Some summer insects not to swat


Summer time is insect time. Unfortunately, stinging and biting species such as wasps and mosquitoes get most of our attention for all the wrong reasons.

Many insects are beneficial, and most are benign. My favorite summer insects are hummingbird moths. I know they have begun to emerge because digital images from readers arrive almost daily.

Hummingbird moths are fuzzy bee mimics. They have antenna and a long proboscis, and they hover at flowers while sipping nectar, just like hummingbirds. But their antennae make them insects.

Fascinating insects

Clearwing hummingbird moths are among the smallest and most common of these fascinating insects. Approach slowly and observe carefully to see the proboscis uncoil as the moth approaches a flower to nectar.

The transparent wings will be obvious. Another common hummingbird moth is known by the name of its caterpillar and is probably most familiar to gardeners. Tomato hornworms are fat, green, fleshy caterpillars that eat tomatoes and their leaves, and eventually transform into five-spotted hawk-moths.

Sometimes hornworms are covered with tiny white capsules. These are pupal cases of tiny wasps that parasitized the caterpillars. By the time the wasps pupate, the hornworm will be dead.

The larval wasps consumed the hornworm from the inside before emerging to pupate. Butterflies are best known for their grace and beauty. Tiger swallowtails and fritillaries are abundant this summer, but I have yet to see a single monarch. Heat, drought, and herbicides destroy milkweed plants in the plains and midwest, and monarch need milkweeds.

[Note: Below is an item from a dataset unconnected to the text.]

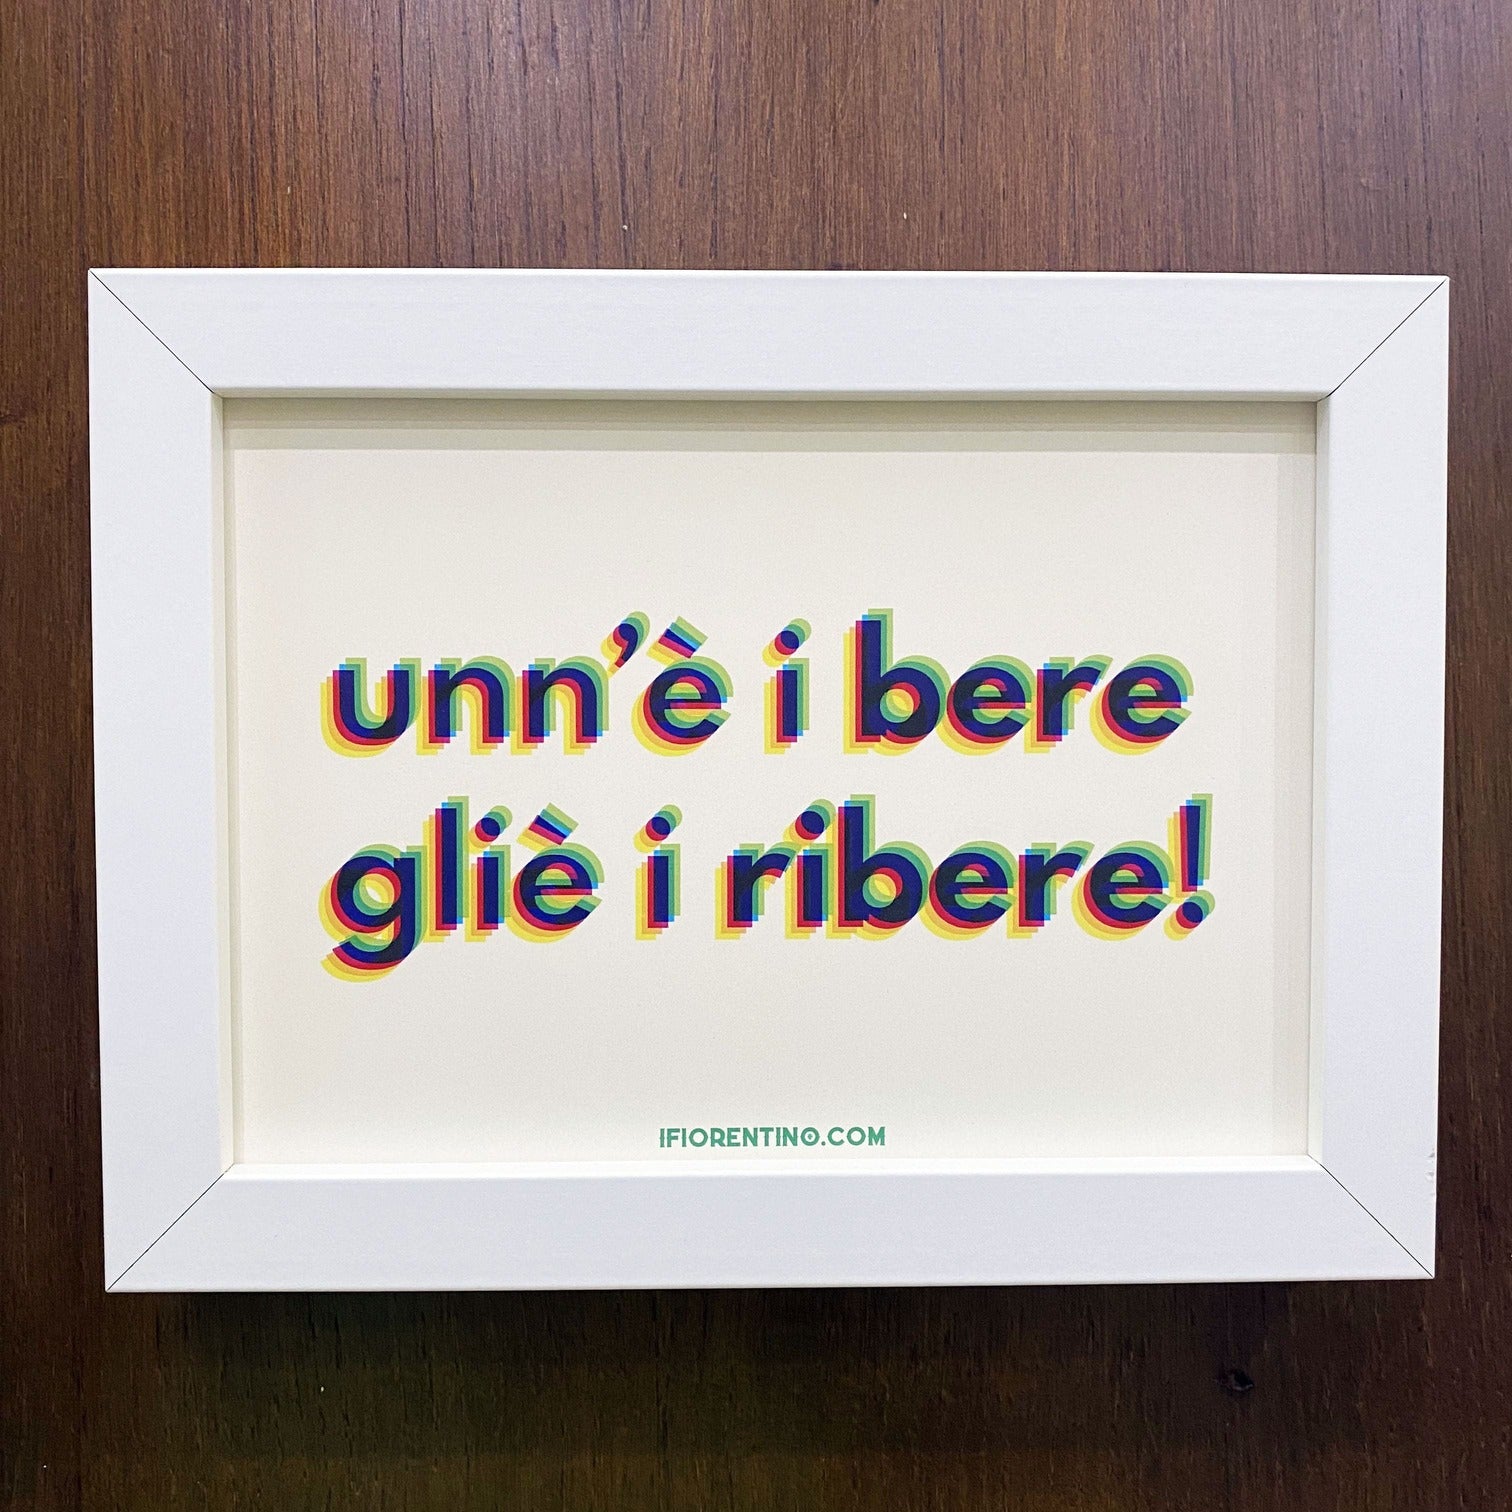 UNN'È I'BERE GLIÈ I'RIBERE STAMPA + CORNICE - poster fiorentini - poster firenze - regalo fiorentino - fiorentino  - foppeddittelo

Milkweeds are their only host plant. Fireflies or lightning bugs evoke fond memories in anyone raised in the country. At dusk they emerge and light the backyard with their Morse code-like flashes of bioluminescence.

Flashing for love

The darker the night, the more impressive the show. Fireflies flash to attract mates. Each species has a unique flash pattern. At dusk, males take flight and begin flashing. When a female of the same species recognizes the appropriate pattern, she flashes back in recognition.

Ultimately the male finds the female, and the pair mates. This communication system is easy to test. Study the flash patterns of the fireflies in your backyard. Mimic the female’s pattern (the one in the grass) with a flashlight and see if a male approaches in search of a receptive female.

And by the way, these most familiar insects are neither flies nor bugs; they are actually classified as beetles. Tiger beetles, as the name implies, are ferocious predators, and they’re easy to recognize because their bodies are brightly and iridescently colored.

I often find them when I flip rocks in the backyard. They are fast and track down insect prey on foot. Then they use their powerful mandibles to rip their prey into pieces.

Brutal attack

Larval tiger beetles are even more brutal. They hide inside a vertical burrow and anchor themselves with abdominal hooks. When unsuspecting prey wander too near the mouth of the burrow, the larva lunges out and grabs the victim.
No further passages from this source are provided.